» **Task objective**: Transcribe all the lines below exactly. Omit the pictures.

══ Dataset excerpt

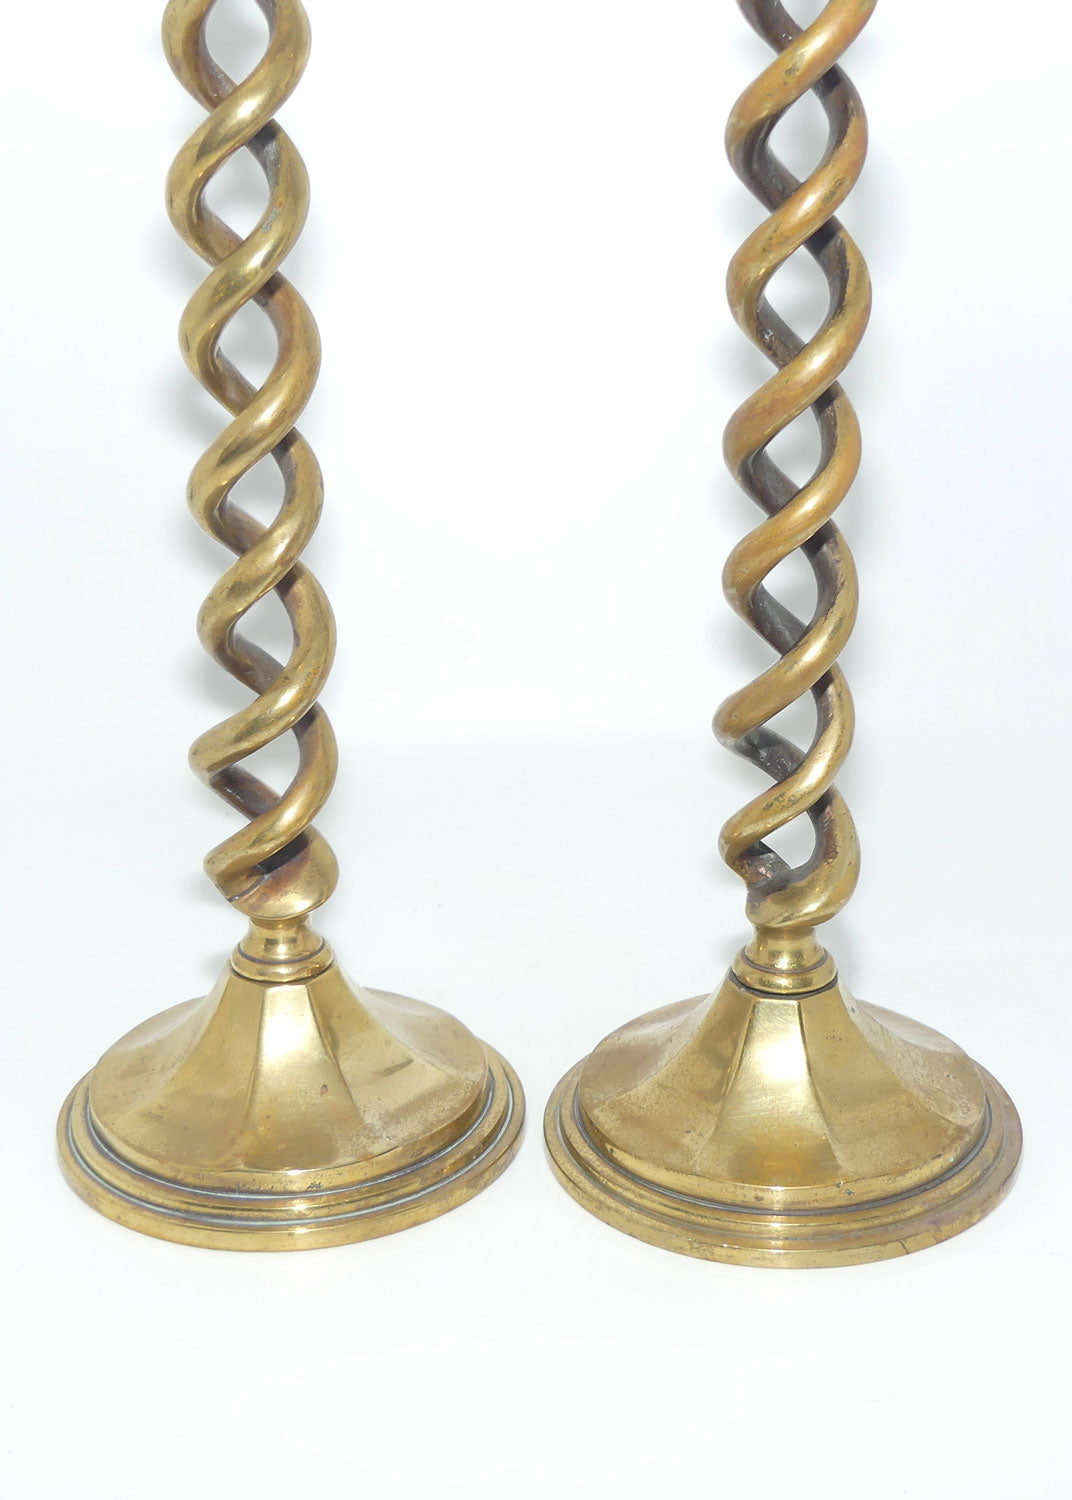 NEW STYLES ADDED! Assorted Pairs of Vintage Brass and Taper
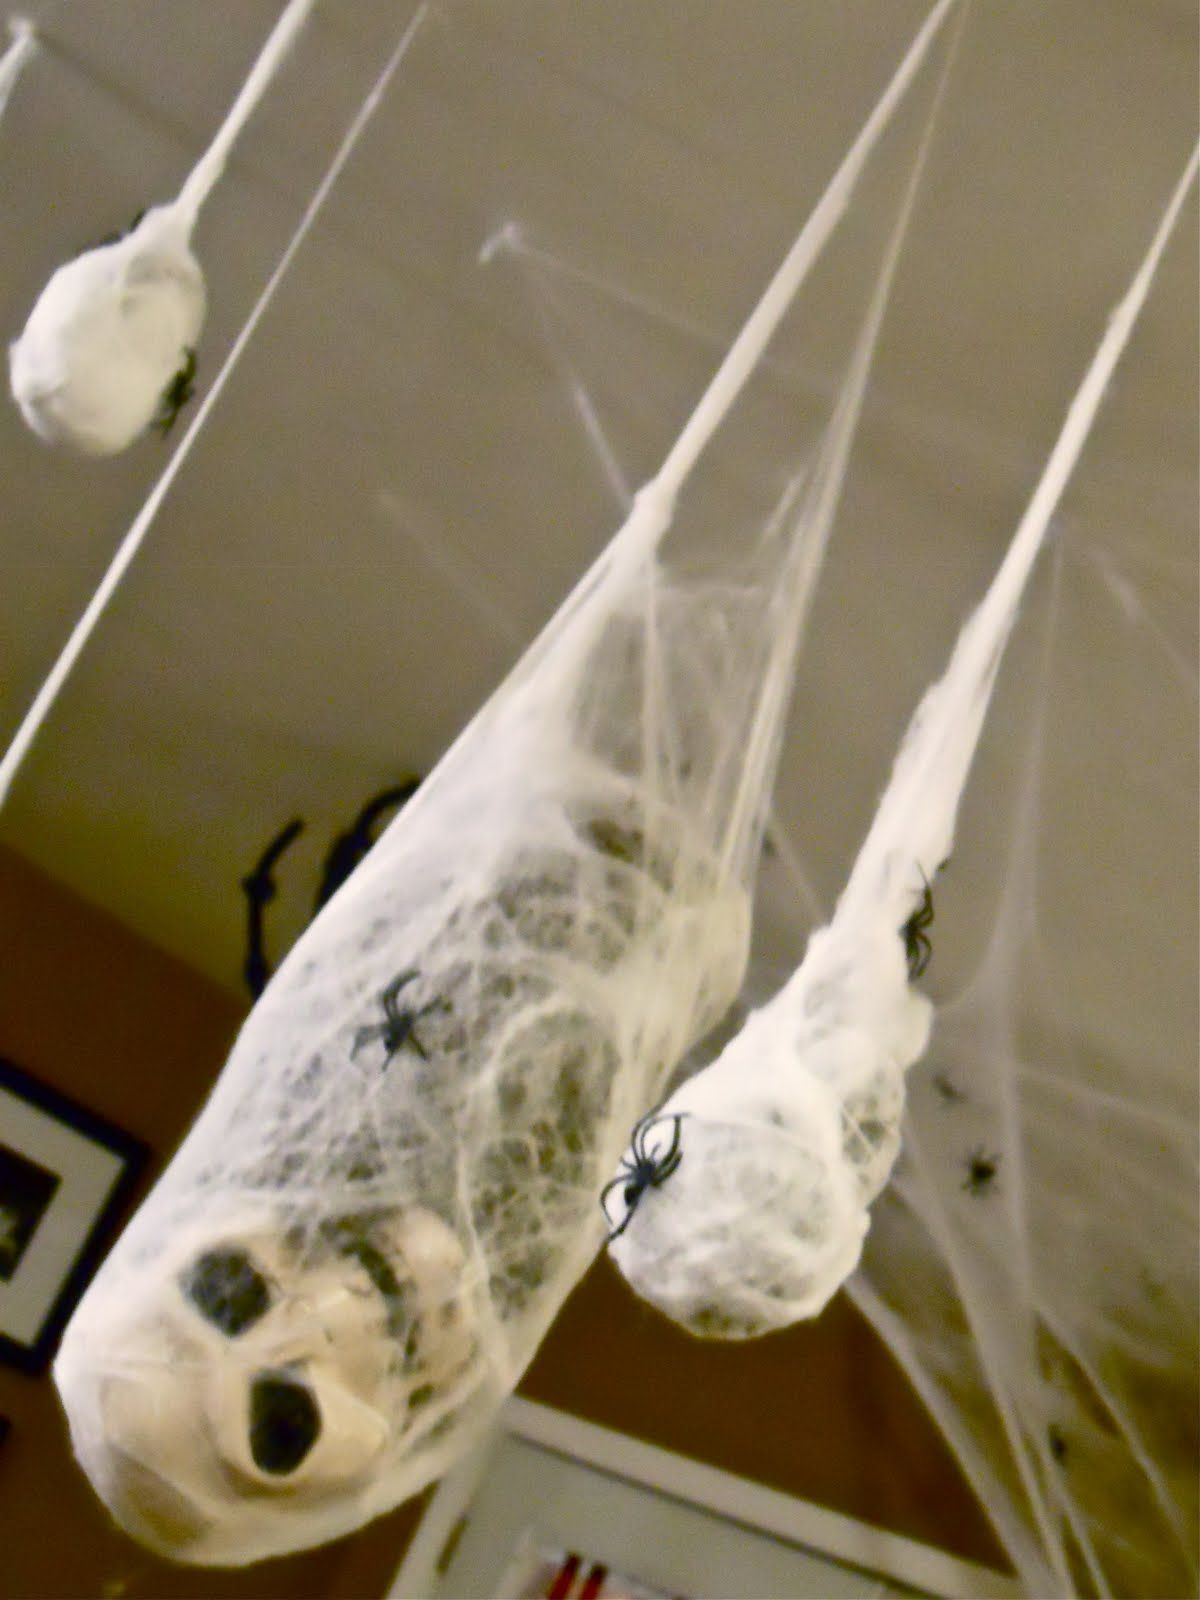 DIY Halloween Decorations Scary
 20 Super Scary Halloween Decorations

════

» **Expected output**:
 NEW STYLES ADDED! Assorted Pairs of Vintage Brass and Taper
 DIY Halloween Decorations Scary
 20 Super Scary Halloween Decorations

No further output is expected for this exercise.